Moreover, Vora et al. [1] concluded that the discovery of a glycoprotein, Tsp29Fb, containing the tetraspanin domain which was hypothesized to be the ortholog of human CD63 (as a marker for mammalian exosomes/EVs), provided evidence for conservation in intercellular communication mediated by EVs. Therefore, it was proposed that inhibiting this communication could be a fundamental therapeutic strategy for preventing DENV2 transmission from arthropods to humans.

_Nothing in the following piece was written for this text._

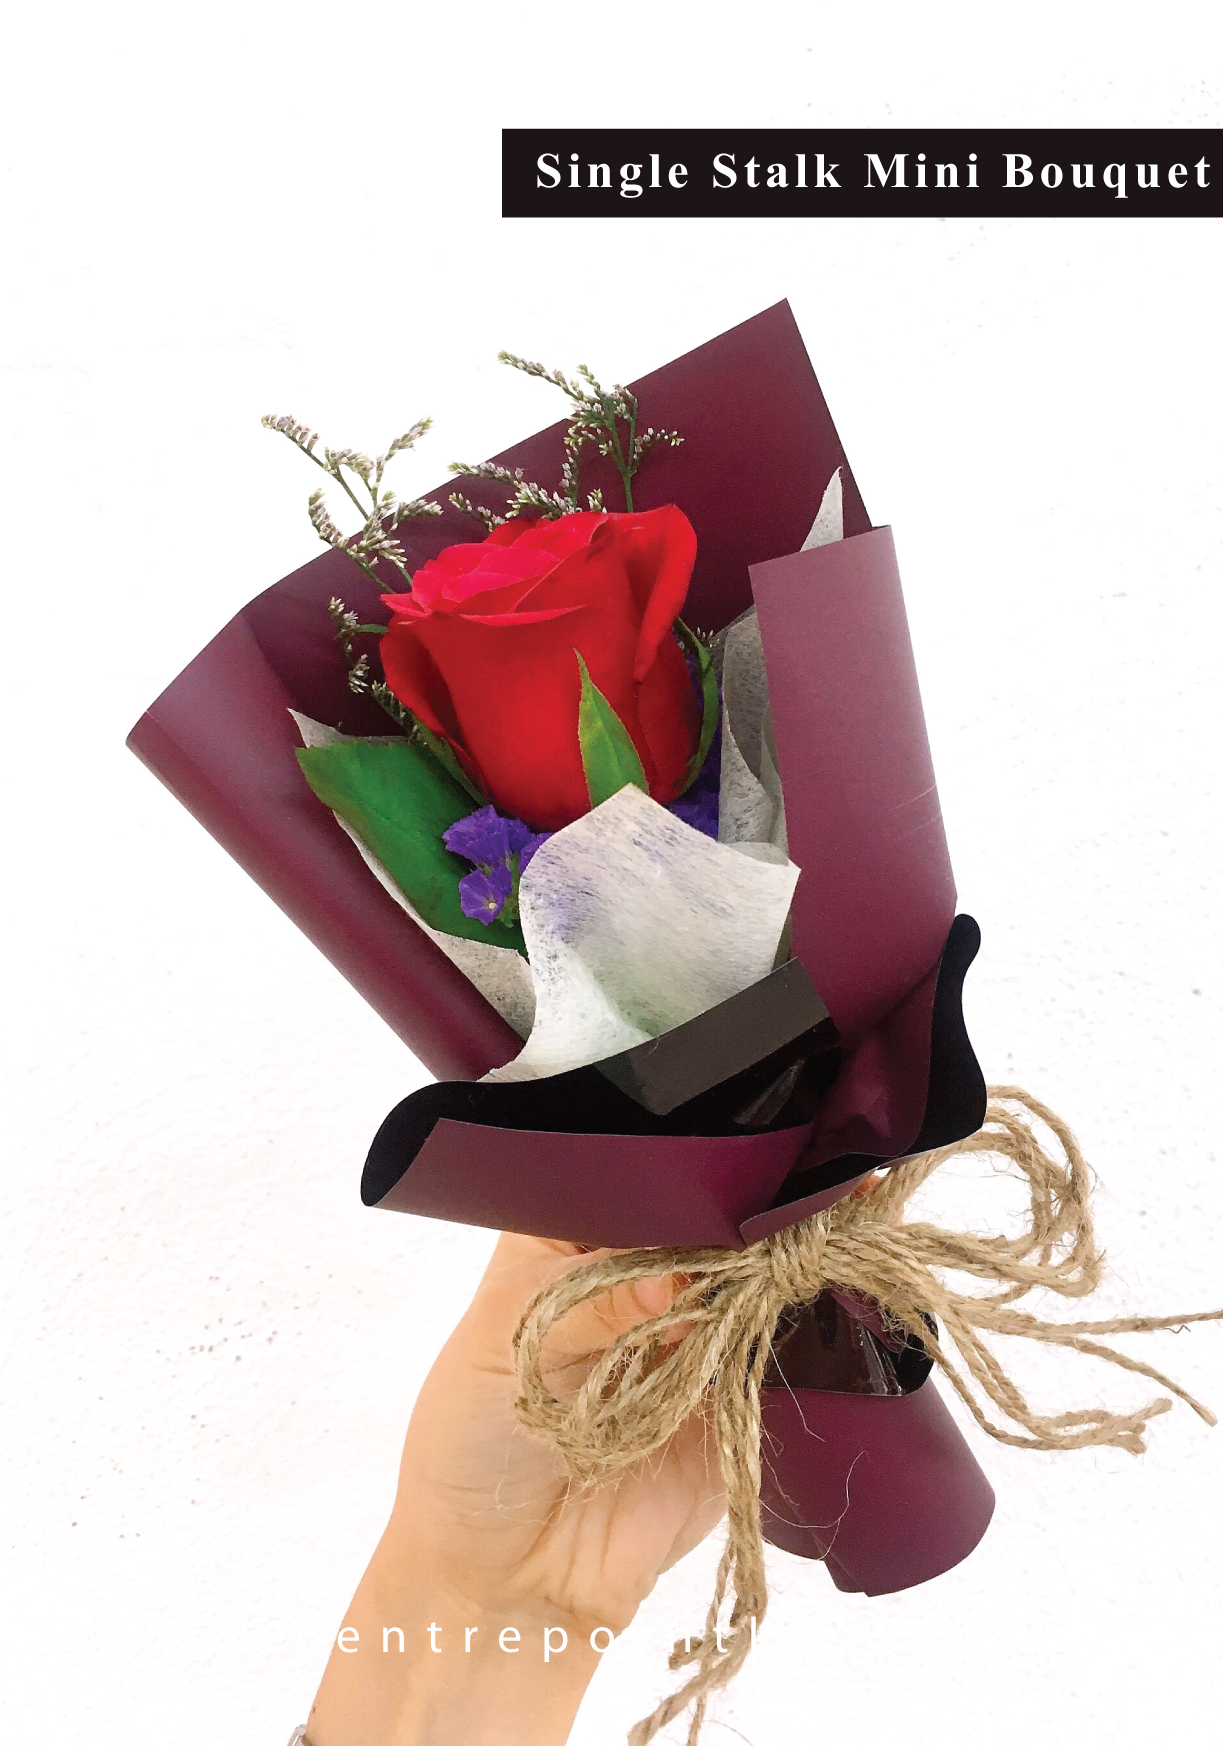 Single Stalk Mini Bouquet (RM 15.00)
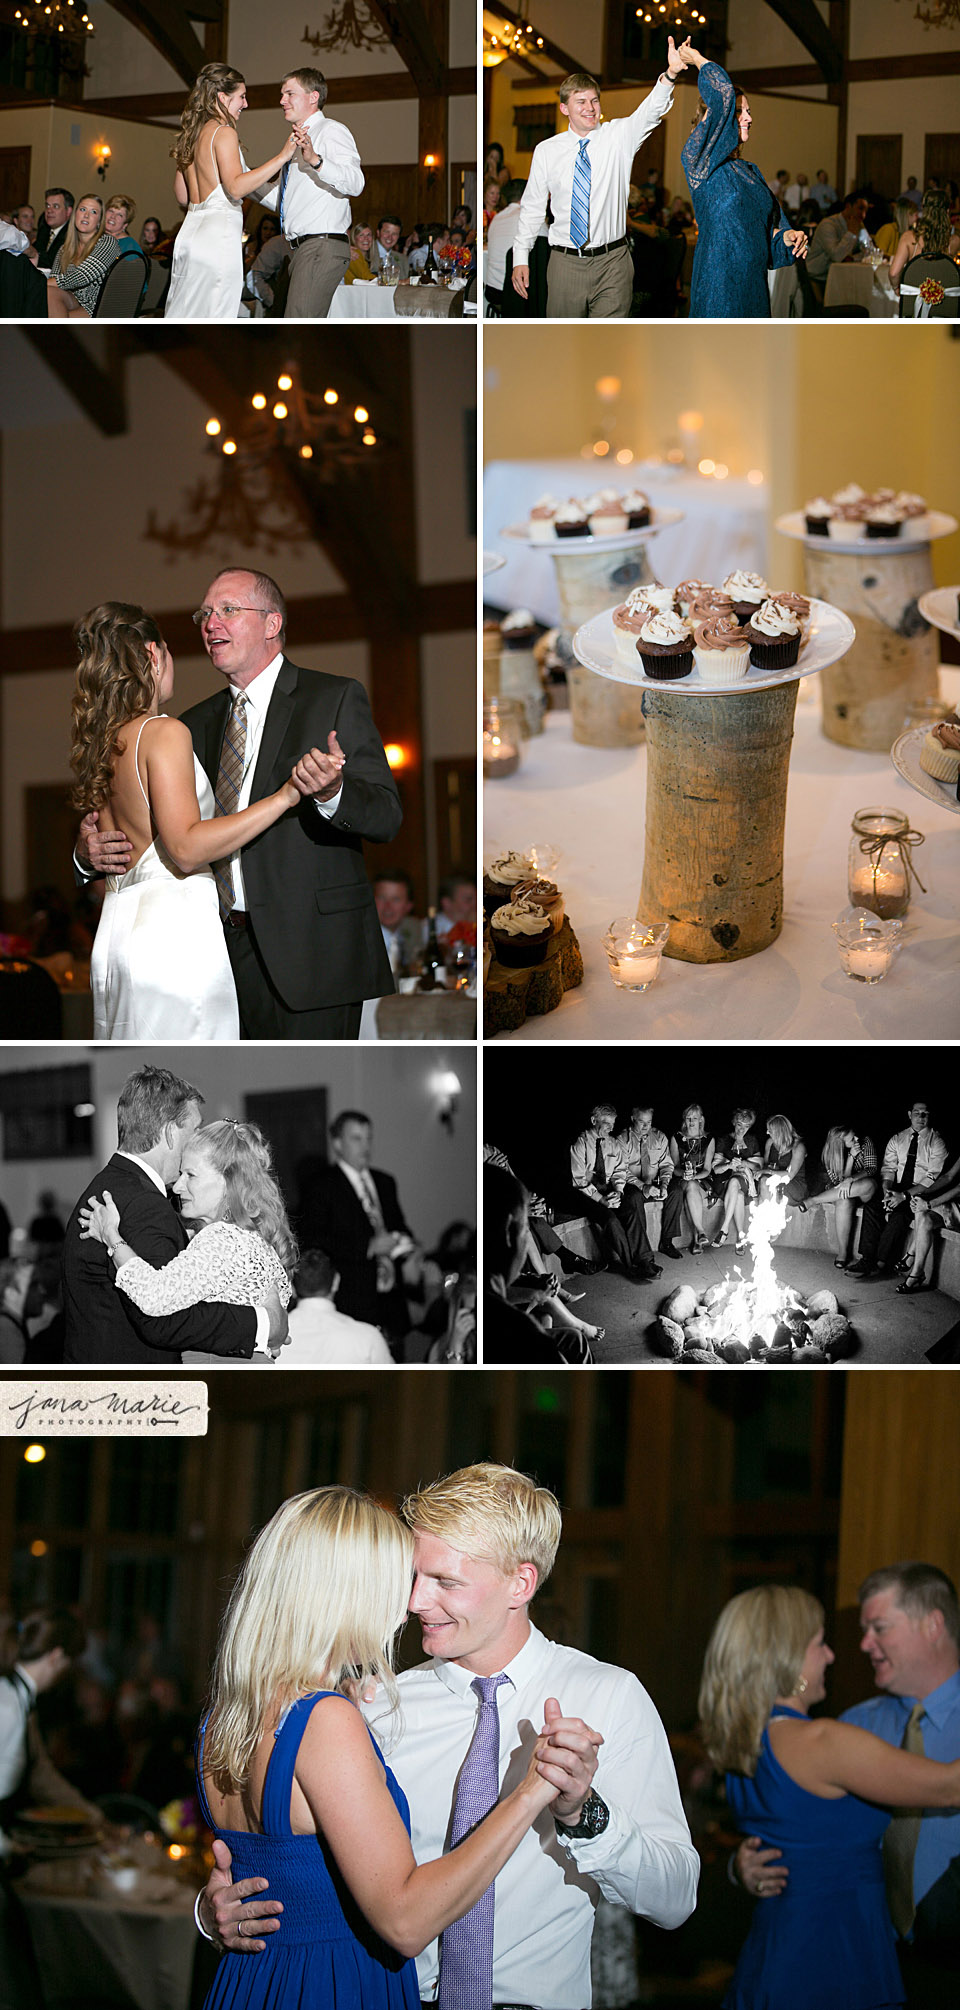 Kansas City wedding photographer, father daughter dance, dancing, bridal party, family, bon fire, Colorado weddings in the fall

Freitas et al. [58] also observed that EVs might be capable of aggregating DENV and facilitating its entry via phagocytosis. EVs may also induce DENV fusion, inhibiting its fusion with the endosomal membrane and accelerating its degradation in the lysosome. In contrast to previous research, it was observed that exosomes derived from DENV-infected mosquito cells contained infectious DENV RNA and proteins. This indicated that such exosomes possessed the potential to serve as the agents of DENV transmission from mosquito to mammalian cells [61]. The presence of positive- and negative-stranded viral RNA, NS1, and E proteins in exosomes derived from tick cells infected with LGTV or mosquito cells infected with DENV2/DENV3 suggested that arthropod-borne viruses or arboviruses could use exosomes as mediators for intercellular communication between infected and uninfected recipient cells [62].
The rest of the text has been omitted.